1. Reuters Edison's 450mln euro discount on Qatari LNG holds hope for Europe 11 September 2012, Reuters Edison wins Libya gas arbitration with Eni 1 October 2012, Icis.com Italian Edison wins Algerian long-term natural gas contract case 1 May 2013, Businessweek Gazprom faces arbitration with Edison after ruling on RWE price 30 July 2013, Reuters ENI demands $10 billion from Statoil in arbitration 8 November 2013, New York Times ENI reaches deal with Statoil for gas price cuts 27 February 2014.

2. This is the price re-opener clause from Superior Overseas Development Corporation and Philips Petroleum (UK) Co Ltd v British Gas Corporation [1982] 1 Lloyd's Rep. 262.

3. This is from the price re-opener clause in Gas Natural Aprovisionamientos, SDG, S.A. v. Atlantic LNG Company of Trinidad and Tobago in the United States District Court for the Southern District of New York (2008) WL 4344525 (S.D.N.Y.).

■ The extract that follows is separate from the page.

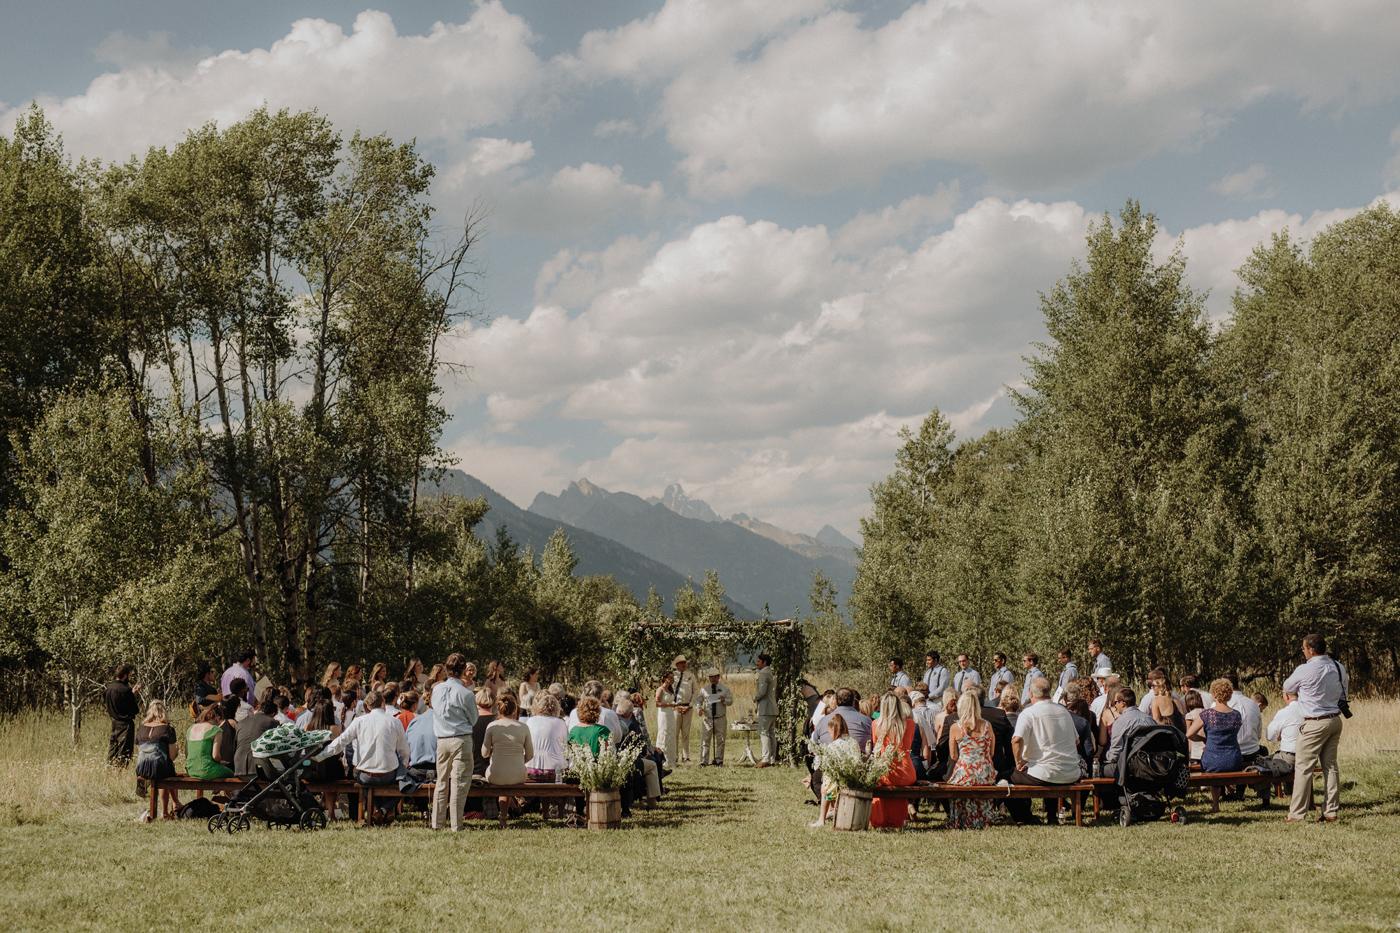 026-grand-teton-jackson-hole-wyoming-wedding.jpg

4. For an example of a dispute about the validity of a notice given under a price review clause see Esso Exploration & Production UK Limited v Electricity Supply Board [2004] EWHC 723 (Comm).

5. From a 1975 contract between Sonatrach and Distrigas which is published in the online SEC Info database.

6. For an English seated arbitration, there can be no appeal on law from an award which is made ex aequo et bono, or which is made subject to a foreign substantive law. Otherwise, the interpretation of a clause which provides for when the price is to change is simply a question of law. As such, unless the parties agree otherwise, there will be the possibility of an appeal under section 69 of the Arbitration Act 1996.

7. See Attorney General of Belize & Ors v Belize Telecom & Ors [2009] UKPC 11.

The content of this article is intended to provide a general guide to the subject matter. Specialist advice should be sought about your specific circumstances.